- Australian economic data is near its apex for 2014.
- The Reserve Bank of Australia wants a weaker currency, doesn’t mean they’ll get it.
- Aussie looks to bottom versus British Pound, Euro, and US Dollar.
The Australian Dollar (AUD) was easily one of the most disliked currencies headed into 2014, after a significantly disappointing performance from April 2014 and forward, including the AUD/USD pair. As many analysts (including this one) sharpened their knives for another dismal performance by the Aussie in 2014, something funny happened: the fundamental conditions present for Australian Dollar weakness disappeared faster than most expected.
The Australian Dollar’s underperformance through the end of last year can be best explained two-fold: first, concern that a slowing Chinese economy alongside failure by the Australian economy to rebalance away from its mining activities would create significant damage; and two, the drawdown in the Federal Reserve’s QE3 stimulus program would dampen the demand for the carry trade.
While the Chinese economy may be slowing (as seen by the recent HSBC PMI Manufacturing report), economic data out of Australia has been roundly better than expected. The Citi Economic Surprise Index was holding up at +49.7 by March 24, just off the yearly high seen on March 13 at +50.6. Considering where this economic data-sentiment index was in mid-January at -19.0, it’s evident that domestically, the Australian economy is performing much better than anticipated.
One of the areas analysts were most concerned with – the labor market – has had a much stronger start to 2014 than recent trends would indicate. At +47.3K net jobs growth in February, the Australian economy added the most jobs since March 2012. This figure was well-above the 3-, 6-, and 12-month jobs averages of +13.7K, +10.7K, and +5.3K; in fact, with the short-term averages above the longer-term ones, it seems the Australian labor market is gaining momentum.

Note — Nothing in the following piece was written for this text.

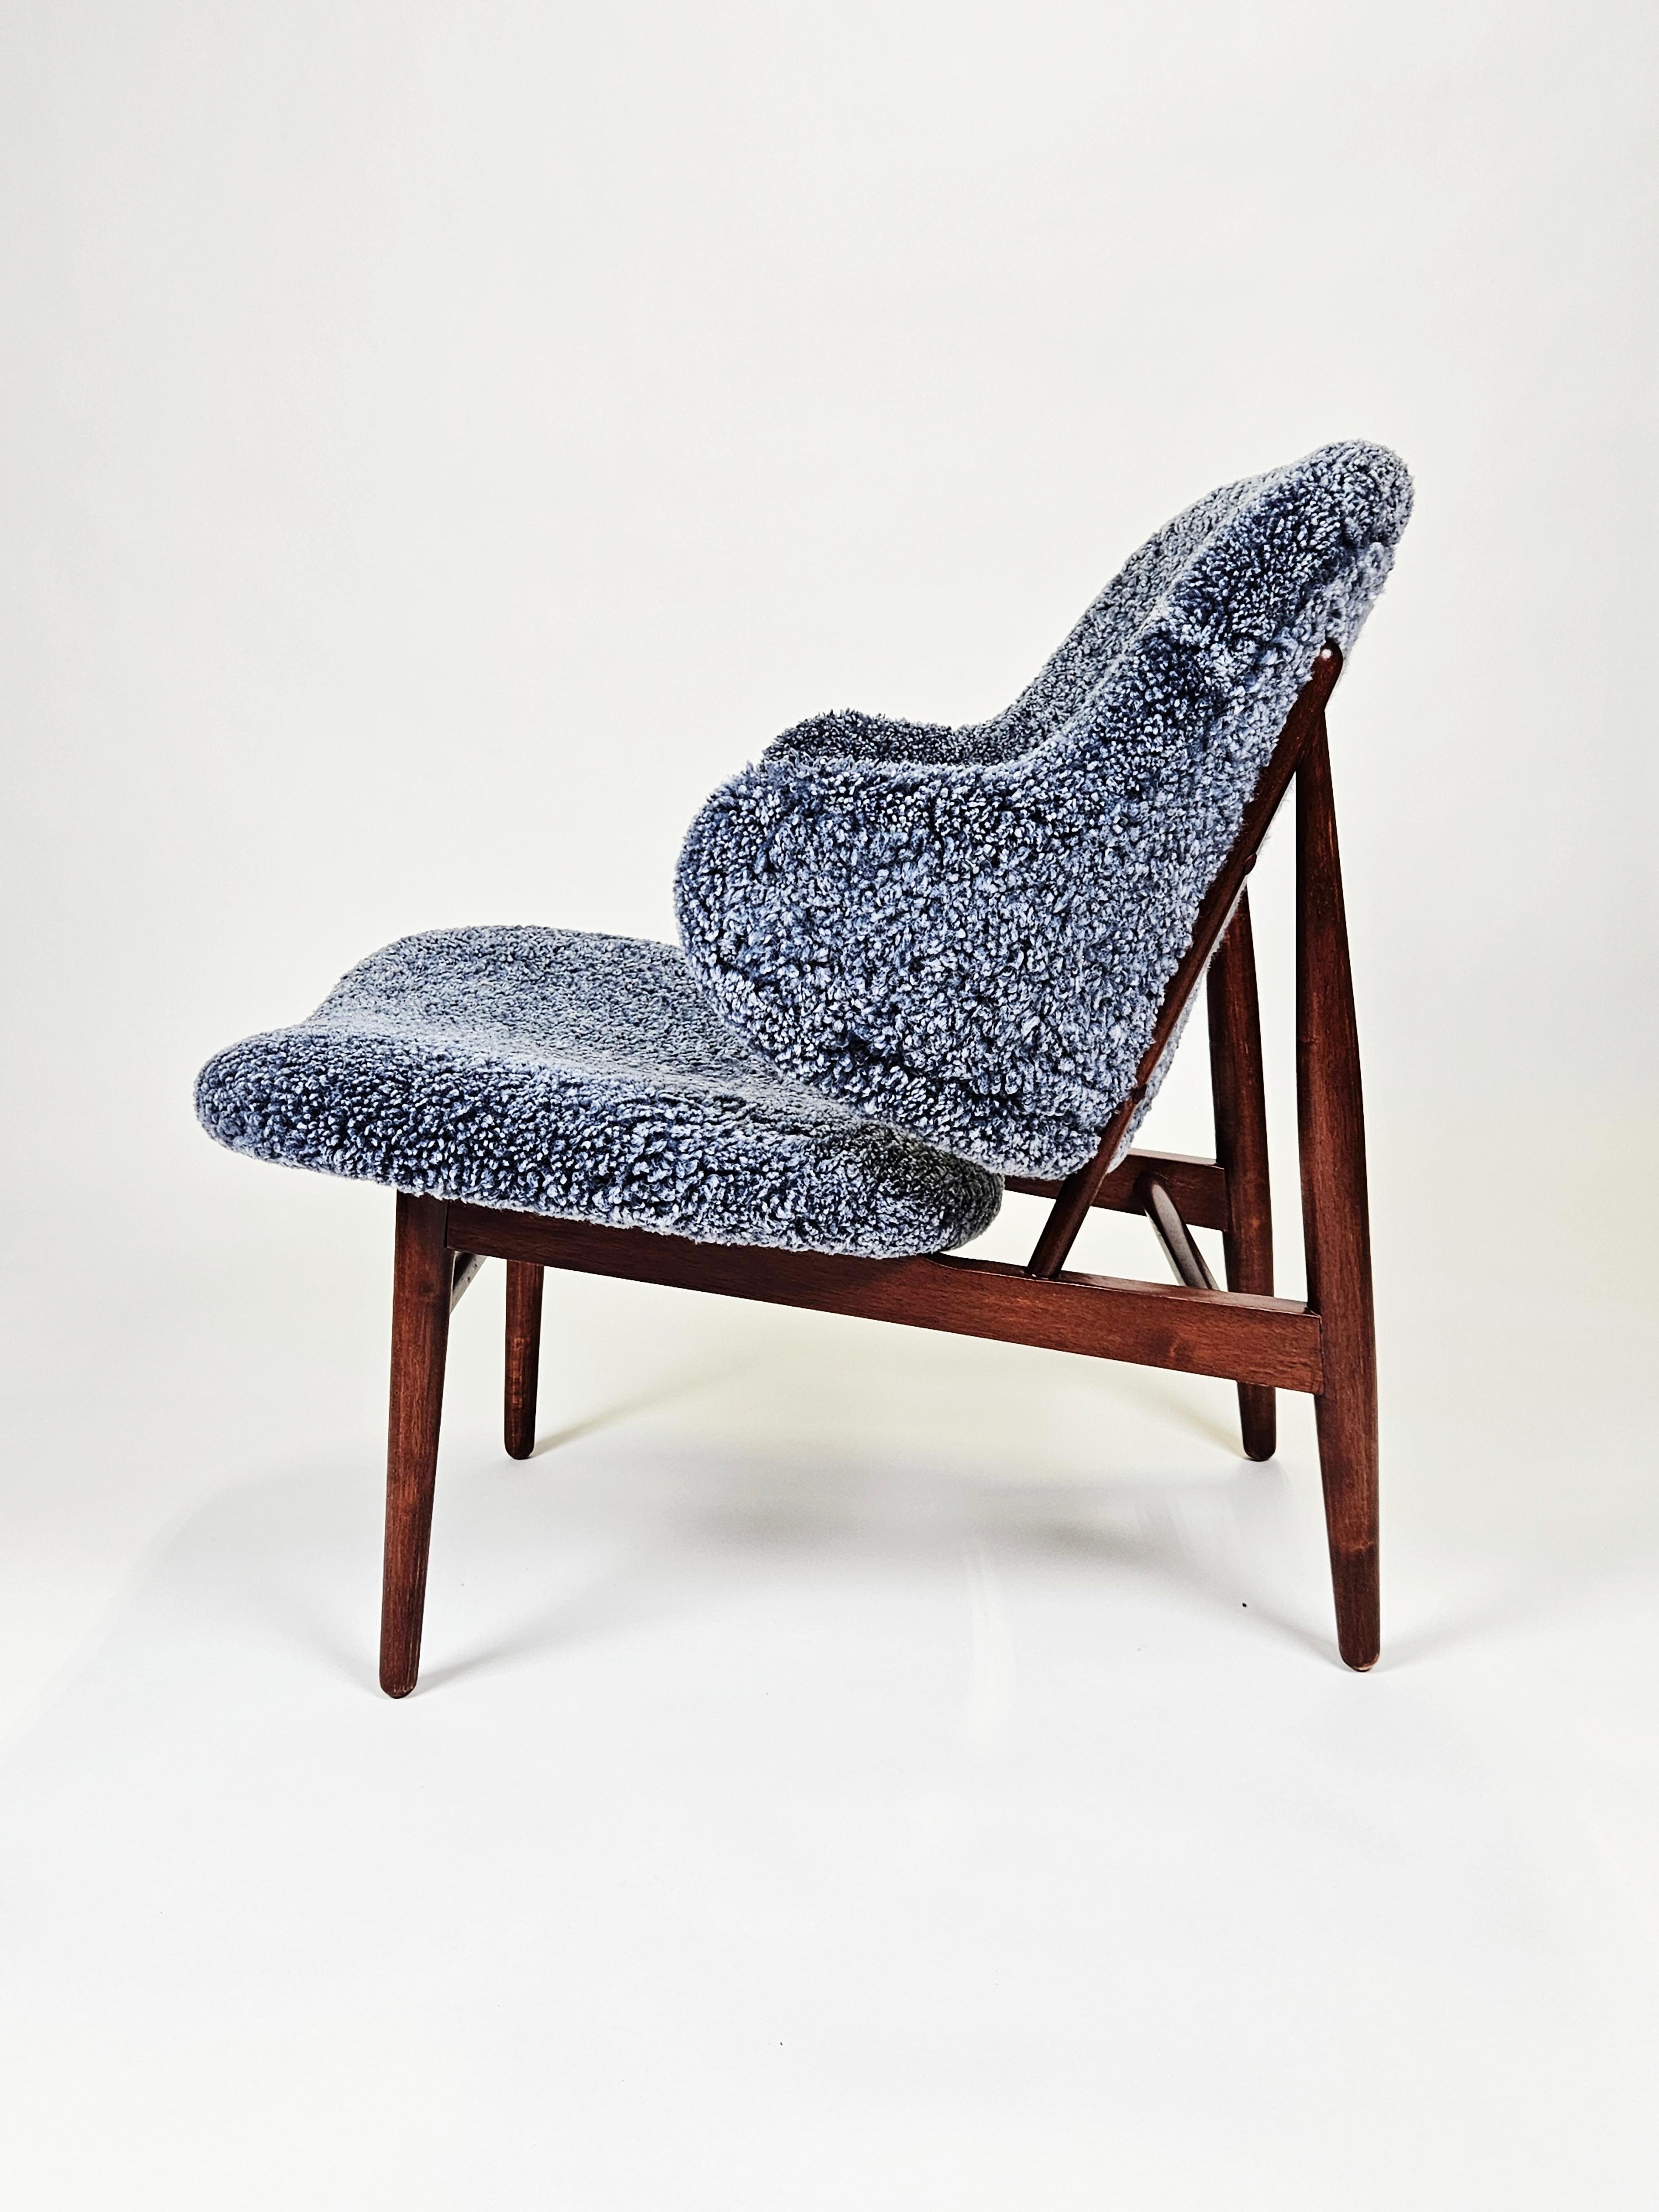 20th Century Rare Scandinavian Modern shell chair by IB Kofod Larsen, Denmark, 1950s For Sale

The recent shift if the fundamental factors underpinning the Australian economy may be offering a veritable turning point in the Australian Dollar more specifically, especially against the Euro and the US Dollar.
AUD/USD H4 Chart
The AUD/USD’s recent ascending triangle formation resolved itself to the upside the past two days, and a longer-term inverse head and shoulders bottoming pattern may be the long-term play. Several former levels that proved as resistance in months (.9085, 0.9140, 0.9165/70) past have been broken, showing that the supply of sellers at these levels have been fully neutralized – the path of least resistance may now be here.
EUR/AUD H4 Chart
While the AUD/USD rally may be setting up, there is evidence of further Australian Dollar strength elsewhere. The EUR/AUD, one of the top performers from November 2013 through January 2014, appears to have carved out a topping pattern, a head and shoulders formation. The EUR/AUD has become more negative since we looked at this pair on Monday, and the break of the neckline near 1.5000 sees the potential for a greater drop towards 1.4140 over the coming weeks.
Ultimately, the ensuing actions by the Reserve Bank of Australia will help dictate how far the Australian Dollar can rebound. In recent weeks, RBA Governor Glenn Stevens has spent a good deal of his time in public disparaging the high AUD/USD exchange rate, noting that the RBA would prefer for it to be closer towards 0.8500.
But with evidence of the domestic economy improving, expectations for a dovish RBA have started to wane. Overnight index swaps pointing to +16.0-bps priced in over the next 12-months, suggesting the market is already looking ahead of a rate hike in the late-3Q or 4Q’15. The Australian Dollar may be looking ahead too, as it looks primed to shake 2013’s negativity and head into the 2Q’14 on the heels of potential bullish reversal patterns.